## Your assignment
Below are some records. Print exactly the lines between the one holding "The Purple Baddie" and the one holding "Infografía Del Ministeri", inclusive, and nothing else.

(Beginning of Material supplied)

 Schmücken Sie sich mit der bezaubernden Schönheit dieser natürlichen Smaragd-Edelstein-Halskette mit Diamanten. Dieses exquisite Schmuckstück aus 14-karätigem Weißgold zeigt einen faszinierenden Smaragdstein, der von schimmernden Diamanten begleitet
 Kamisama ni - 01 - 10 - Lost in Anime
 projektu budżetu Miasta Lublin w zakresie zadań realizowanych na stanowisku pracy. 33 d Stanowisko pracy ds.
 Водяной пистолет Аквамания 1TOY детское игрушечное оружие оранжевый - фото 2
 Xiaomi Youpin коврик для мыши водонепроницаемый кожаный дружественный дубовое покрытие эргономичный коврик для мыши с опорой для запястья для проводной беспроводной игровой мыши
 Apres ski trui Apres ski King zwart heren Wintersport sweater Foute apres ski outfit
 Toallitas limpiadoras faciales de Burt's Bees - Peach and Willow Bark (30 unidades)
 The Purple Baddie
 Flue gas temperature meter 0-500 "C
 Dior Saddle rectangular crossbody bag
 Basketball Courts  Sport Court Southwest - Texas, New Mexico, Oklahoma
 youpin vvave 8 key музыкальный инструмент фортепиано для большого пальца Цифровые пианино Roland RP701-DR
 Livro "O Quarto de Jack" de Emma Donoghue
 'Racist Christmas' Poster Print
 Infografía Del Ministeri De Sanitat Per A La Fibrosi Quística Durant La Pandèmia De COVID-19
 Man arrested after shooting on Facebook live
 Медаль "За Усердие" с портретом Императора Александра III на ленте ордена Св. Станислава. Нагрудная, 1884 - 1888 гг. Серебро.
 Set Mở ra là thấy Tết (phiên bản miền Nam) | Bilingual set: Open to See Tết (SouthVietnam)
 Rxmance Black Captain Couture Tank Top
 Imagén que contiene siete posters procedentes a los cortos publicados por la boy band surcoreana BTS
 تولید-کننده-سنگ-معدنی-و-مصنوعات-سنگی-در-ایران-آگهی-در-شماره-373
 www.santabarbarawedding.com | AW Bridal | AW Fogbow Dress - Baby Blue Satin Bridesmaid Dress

(End of Material supplied)

## Answer to this task
 The Purple Baddie
 Flue gas temperature meter 0-500 "C
 Dior Saddle rectangular crossbody bag
 Basketball Courts  Sport Court Southwest - Texas, New Mexico, Oklahoma
 youpin vvave 8 key музыкальный инструмент фортепиано для большого пальца Цифровые пианино Roland RP701-DR
 Livro "O Quarto de Jack" de Emma Donoghue
 'Racist Christmas' Poster Print
 Infografía Del Ministeri De Sanitat Per A La Fibrosi Quística Durant La Pandèmia De COVID-19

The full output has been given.